Ad esempio, per il test t di due campioni indipendenti, assumiamo che i due gruppi che vogliamo confrontare siano campioni casuali delle rispettive popolazioni. Supponendo che le distribuzioni dei punteggi all'interno dei due gruppi siano normalmente distribuite nella popolazione, possiamo quindi derivare analiticamente la distribuzione campionaria della statistica del test (cioè, per la statistica t). L'idea è che se dovessimo ripetere questo processo (tracciando casualmente due campioni dalle rispettive popolazioni) un numero infinito di volte (ovviamente, non lo facciamo effettivamente), otterremmo questa distribuzione di campionamento per la statistica del test.

Un modello alternativo per i test è il "modello di randomizzazione". Qui, non dobbiamo fare appello al campionamento casuale. Invece, otteniamo una distribuzione randomizzata attraverso permutazioni dei nostri campioni.

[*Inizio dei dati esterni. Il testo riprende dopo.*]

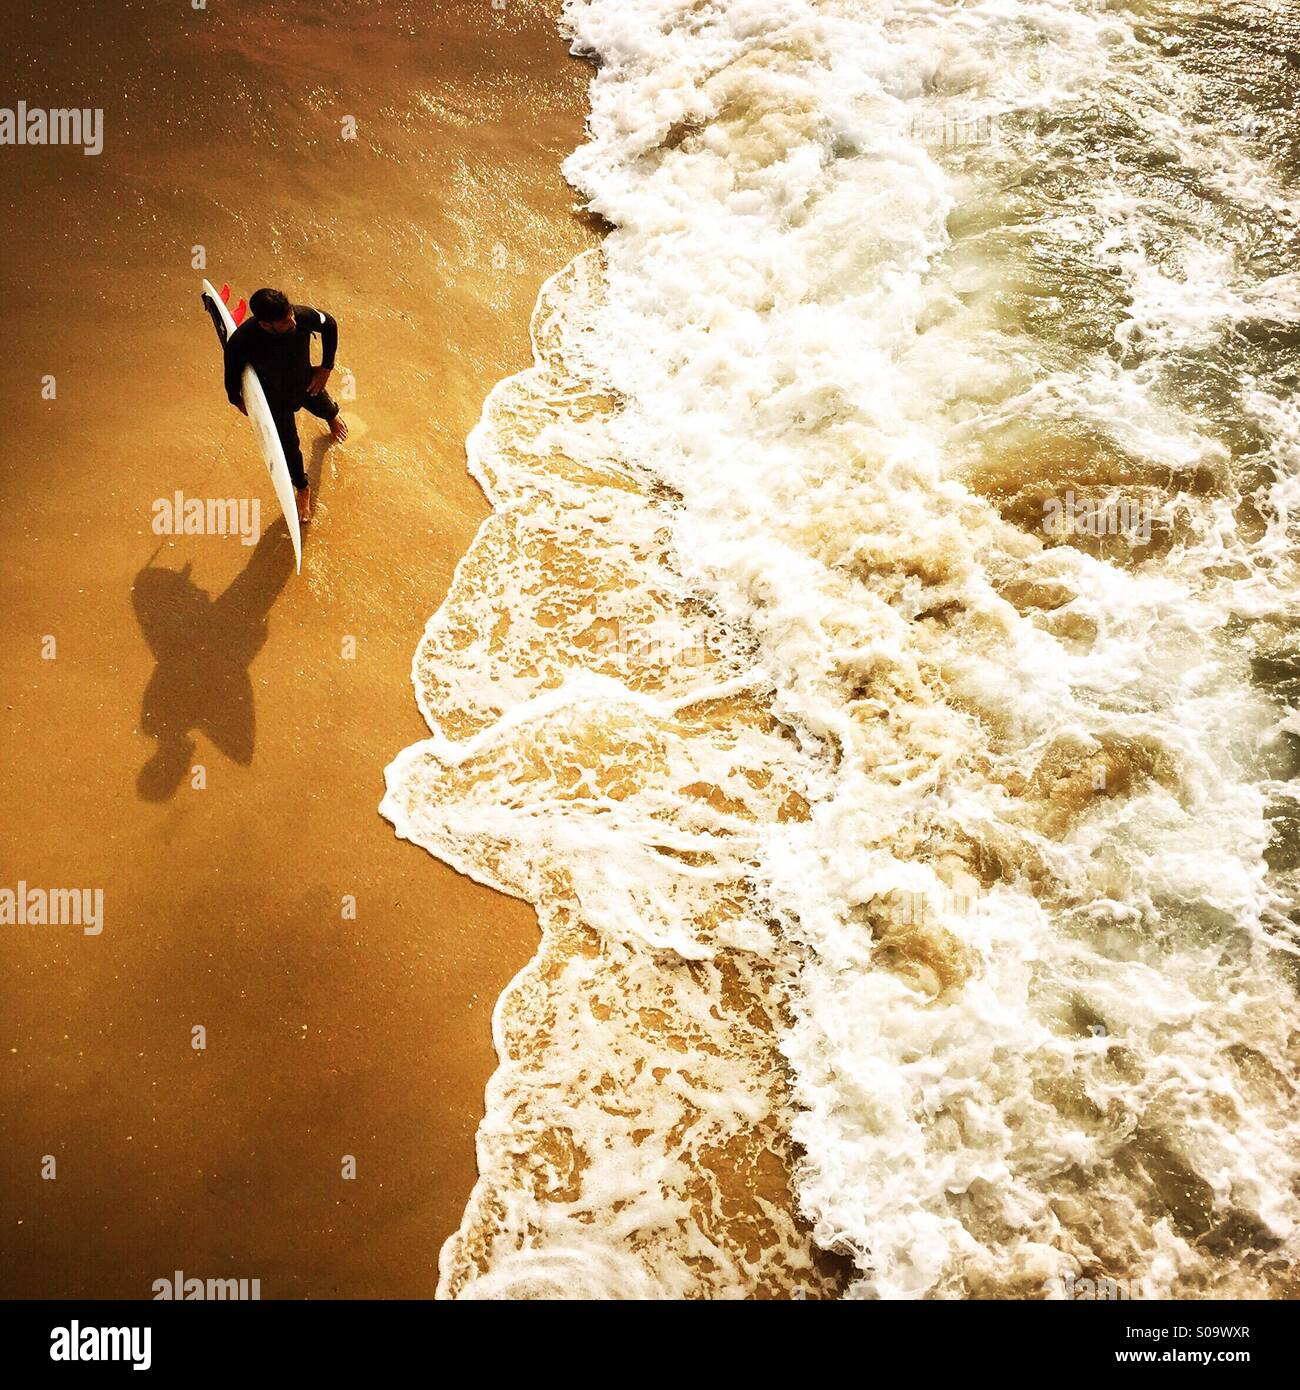 A surfer waits at the shoreline to surf. Manhattan Beach, California USA. Stock Photo

Ad esempio, per il test t, hai i tuoi due campioni (non necessariamente ottenuti tramite campionamento casuale). Ora, se davvero non c'è alcuna differenza tra questi due gruppi, allora se una determinata persona "appartiene" effettivamente al gruppo 1 o al gruppo 2 è arbitrario. Quindi, ciò che possiamo fare è permutare il compito del gruppo ancora e ancora, notando ogni volta fino a che punto i mezzi dei due gruppi sono separati. In questo modo, otteniamo una distribuzione campionaria empiricamente. Possiamo quindi confrontare la distanza dei due mezzi nei campioni originali (prima di iniziare a rimescolare le appartenenze al gruppo) e se tale differenza è "estrema" (cioè, cade nelle code della distribuzione campionaria derivata empiricamente), quindi concludiamo l'appartenenza al gruppo non è arbitraria e c'è davvero una differenza tra i due gruppi.

In molte situazioni, i due approcci portano effettivamente alla stessa conclusione. In un certo senso, l'approccio basato sul modello di popolazione può essere visto come un'approssimazione del test di randomizzazione. È interessante notare che Fisher è stato colui che ha proposto il modello di randomizzazione e ha suggerito che dovrebbe essere la base per le nostre inferenze (poiché la maggior parte dei campioni non sono ottenuti tramite campionamento casuale).

Un bell'articolo che descrive la differenza tra i due approcci è:

Ernst, MD (2004). Metodi di permutazione: una base per un'inferenza esatta. Statistical Science, 19 (4), 676-685 (link) .

Un altro articolo che fornisce un bel riassunto e suggerisce che l'approccio alla randomizzazione dovrebbe essere la base per le nostre inferenze:

Ludbrook, J., & Dudley, H. (1998). Perché i test di permutazione sono superiori ai test te F nella ricerca biomedica. American Statistician, 52 (2), 127-132 (link) .

EDIT: dovrei anche aggiungere che è comune calcolare la stessa statistica test quando si utilizza l'approccio di randomizzazione come nel modello di popolazione. Quindi, ad esempio, per testare la differenza nelle medie tra due gruppi, si calcolerebbe la consueta statistica t per tutte le possibili permutazioni delle appartenenze ai gruppi (producendo la distribuzione campionaria derivata empiricamente sotto l'ipotesi nulla) e quindi si verificherebbe quanto estremo la statistica t per l'appartenenza al gruppo originale rientra in tale distribuzione.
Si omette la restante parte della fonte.